STATEMENT AS TO FEDERALLY SPONSORED RESEARCH

This invention was made with Government support under a US Air Force SBIR Phase I grant, grant number F33615-02-M-6057; and NIH STTI Phase I and II grants, grant number R42-HD34686. The Government may have certain rights in the invention.

BACKGROUND

At least 40 million Americans have chronic sleep problems, and an additional 20 million experience occasional sleeping problems (NIH News, Apr. 21, 2005). Sleep deprivation is a serious health issue for several reasons. First, sleep deprivation affects performance, with loss of alertness or drowsiness associated with higher rates of highway accidents, medical errors, and forgetfulness (Peters et al., 1999.) Second, chronic sleep problems, such as obstructive sleep apnea, are associated with obesity, headaches, anxiety, and depression and cardiovascular problems (http://www.nhlbi.nih.gov/new/press/apr11-00.htm). Sleep deprivation is a common concomitant of many occupations, and a special problem for shift workers. The need for more research on behavioral concomitants of sleep deprivation and associated performance degradation has been underlined in policy documents by the NIH National Center on Sleep Disorders Research, and the NHLBI strategic plan.
Sleep deprivation and sleep disorders are implicated in the disease processes of widely different disorders—neurodegenerative disorders such as Parkinson's, pain disorders such as fibromyalgia, metabolic disorders and obesity, psychiatric disorders, and endocrine disorders, among others.

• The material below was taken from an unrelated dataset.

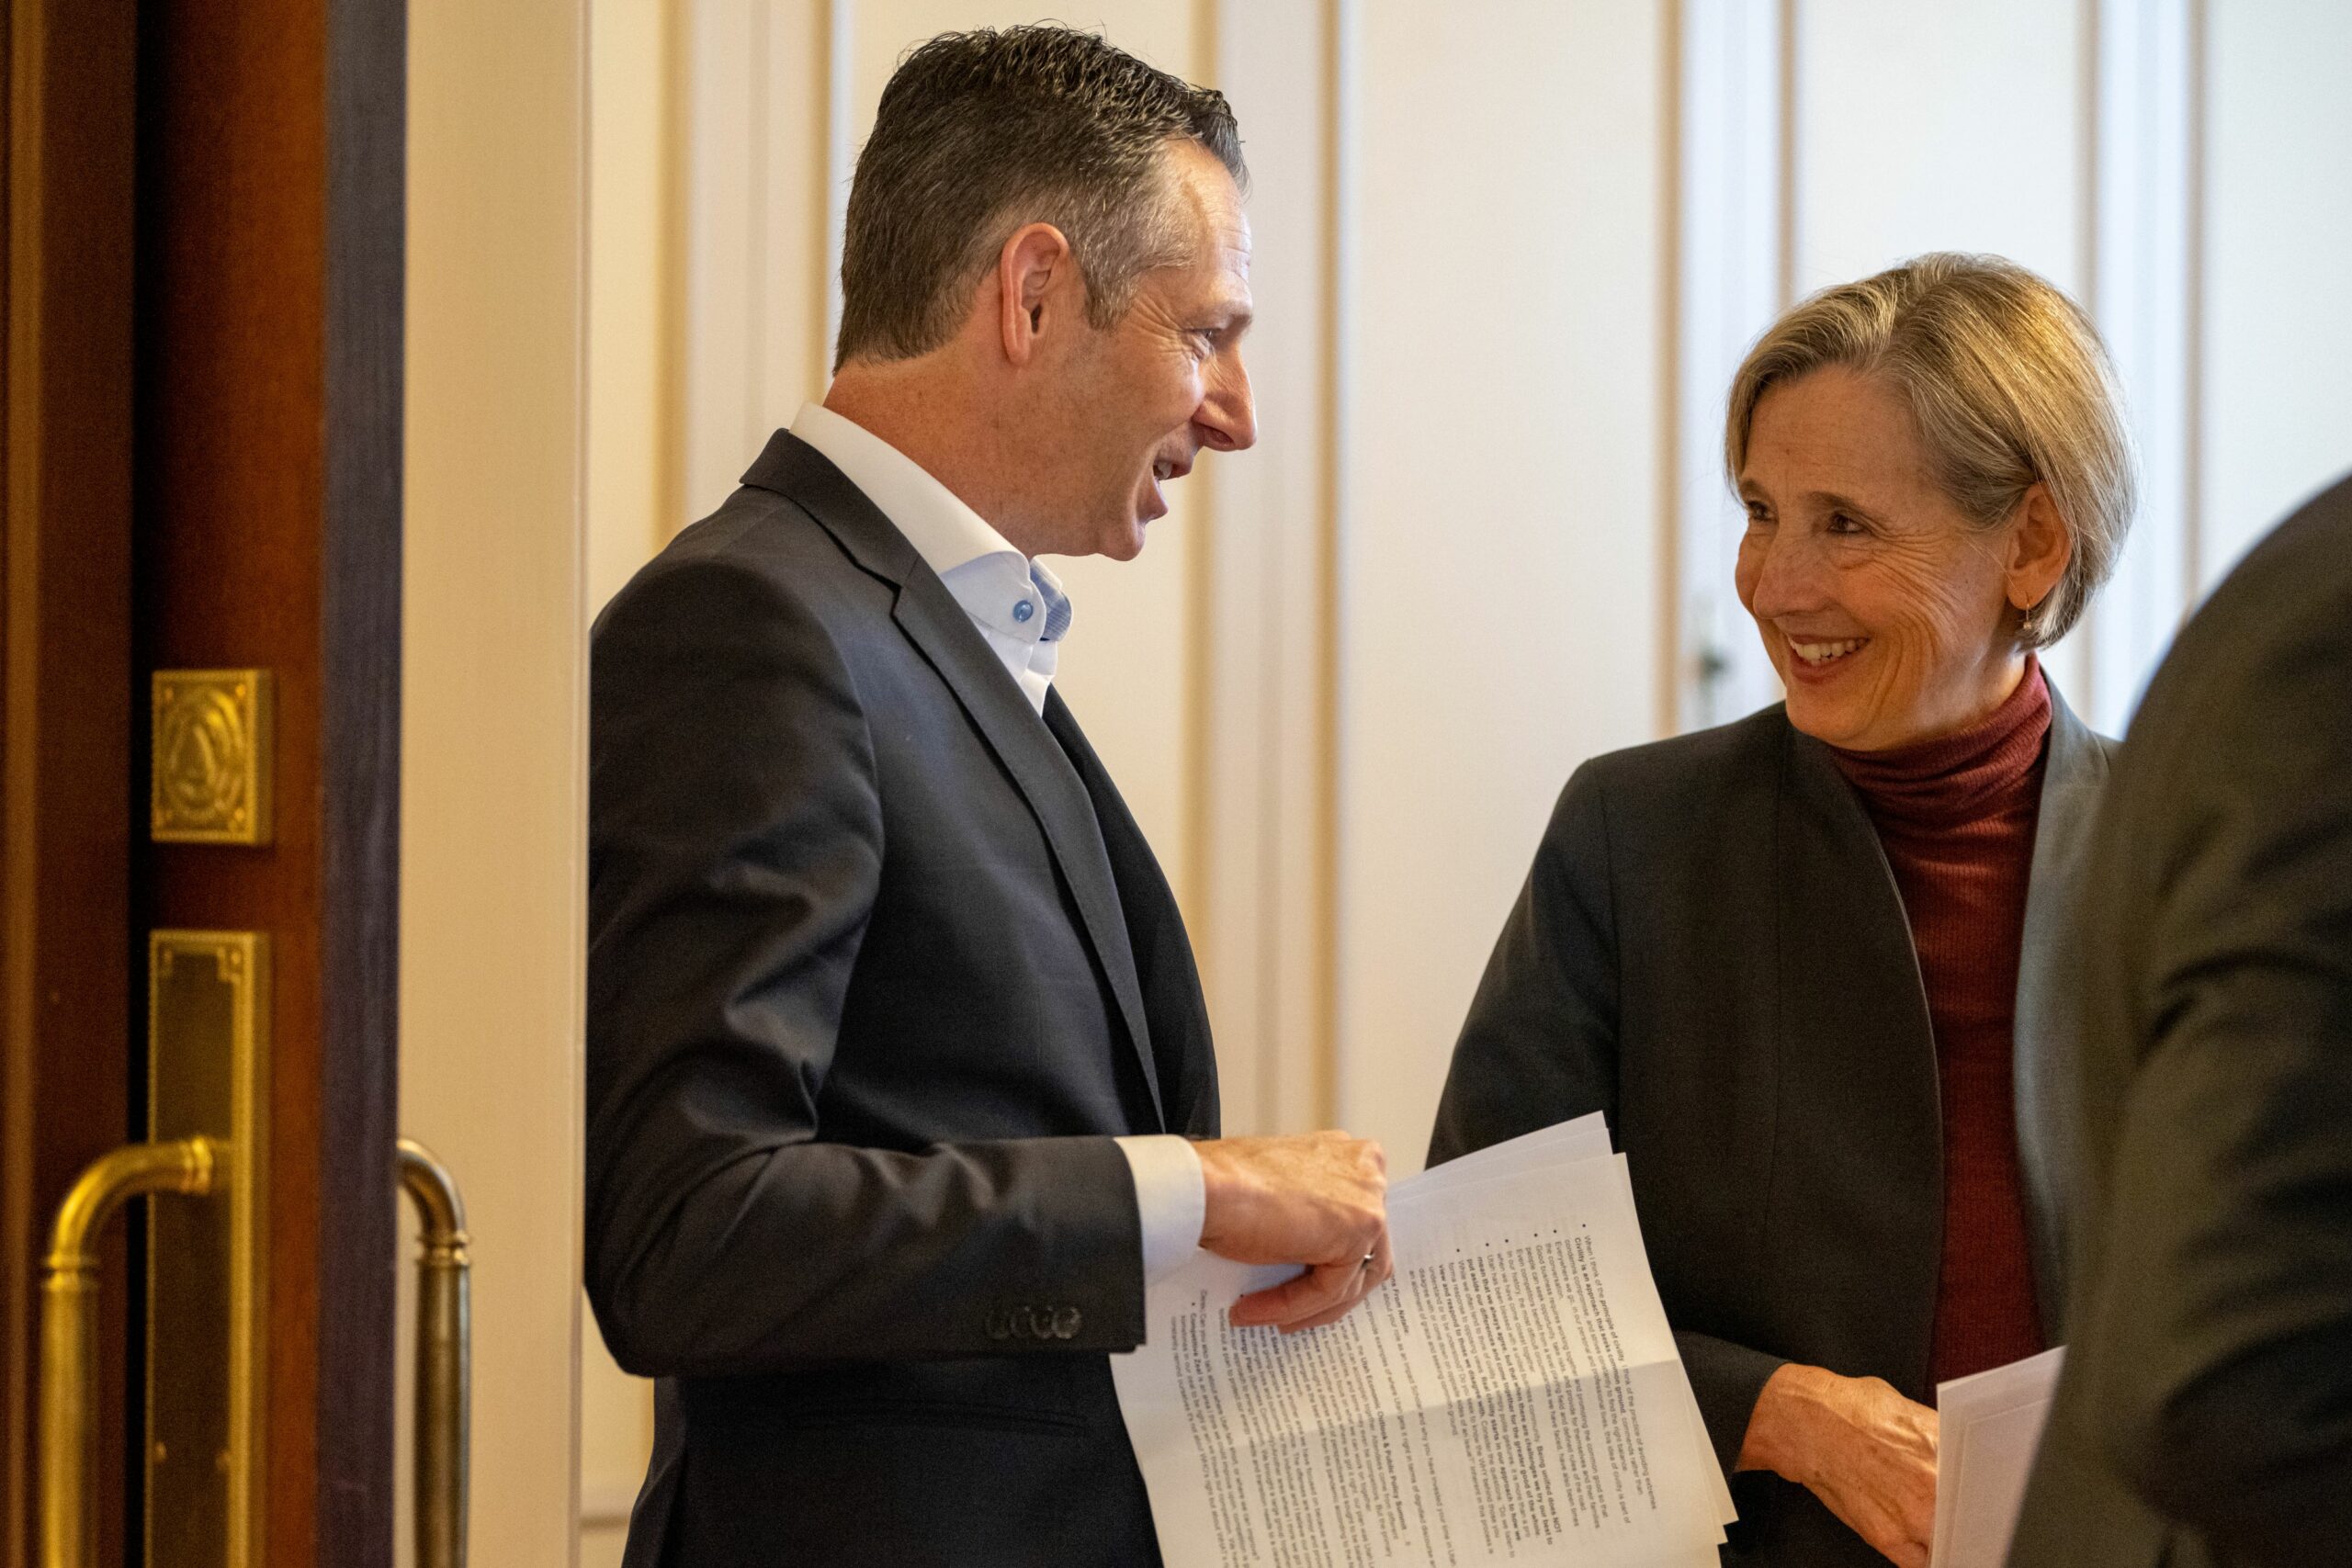 Opposites attract—and often come together to make the best decisions for Utah when both women and men are in leadership roles.

Sleep disruption in hospital environments can also disrupt patient response to pharmacological, physical, and behavior therapy. Logically, methods for measuring sleep deprivation are a critical tool for advancing the research agenda in each of these fields. Other interested government agencies, such as the Department of Defense (DOD) and the National Transportation Safety Board (NTSB) have advertised similar needs (DOD Human Factors Engineering “Hot Topics” at http://hfetag.dtic.mil, NTSB “Ten Most Wanted” transportation safety improvements listed on http://www.ntsb.gov).
The speech articulation of people who have not slept for 24 hours or more is typically understandable and maintains the global characteristics of the speaker's voice and diction. Perhaps because of this fact, few studies in the field of sleep research have considered the possibility that sleep deprivation changes speech articulation. When their attention is drawn to the issue, however, listeners do appear to have some intuitive ability to categorize fresh (FSH) vs. sleep-deprived (SD) speech. For example, in an interview study focused on subjects' personal experiences during sleep loss of 24 hours, Morris et al. (1960:252) noted that they heard “alterations in rhythm, tone and clarity of subjects' speech,” but made no attempt to quantify these observations. Harrison & Horne (1997) asked naïve listeners whether sleep-deprived subjects reading a short story aloud (a) used intonation less appropriately and (b) sounded more “fatigued” than their rested selves and found that subjects performed at a level significantly greater than chance.
Morris et al.'s use of the music terms “rhythm” and “tone” make it difficult to interpret their exact meaning for the speech they heard; clearly “rhythm” refers to global speech timing, but in everyday use these words may describe pause timing or speech rate. “Tone” may describe some aspect of pitch, e.g., the contour of pitch change over the course of a sentence (also called intonation), or use of a different pitch range. Harrison & Horne's use of the word “intonation” is likewise unclear. It may refer to pitch contour, speech timing, speech rate, changes in loudness, or pitch range. Presumably, Morris et al. (1960) used the word “clarity” to mean articulatory clarity but the phrase may mean vocal quality. Thus, we can conclude that the listeners in these studies registered some quality in what they heard that indicated sleep deprivation or fatigue, but we do not know exactly what. Neither team or researchers measured speech articulation or intelligibility directly, but it would seem from their report that the speech articulation of their subjects under sleep deprivation remained intelligible and characteristic.

SUMMARY

A computer-implemented method identifies a spoken audio signal representing speech of a person and estimates a physiological state of the person based on the spoken audio signal. For example, the method may identify articulatory patterns (such as landmarks) in the speech and estimate the person's physiological state based on those articulatory patterns. The method may estimate, for example, the amount of time the person has been without sleep. The method may produce the physiological state estimate without performing speech recognition on the spoken audio signal. The method may produce the physiological state estimate in real-time.
For example, one embodiment of the present invention is directed to a computer-implemented method comprising: (A) identifying a spoken audio signal representing conversational speech of a person; and (B) identifying an estimate of an amount of time the person has been without sleep based on the spoken audio signal.
Another embodiment of the present invention is directed to a computer-implemented method comprising: (A) identifying a spoken audio signal representing speech of a person; (B) identifying articulatory patterns of the speech; and (C) identifying an estimate of an amount of time the person has been without sleep based on the articulatory patterns.
Other features and advantages of various aspects and embodiments of the present invention will become apparent from the following description and from the claims.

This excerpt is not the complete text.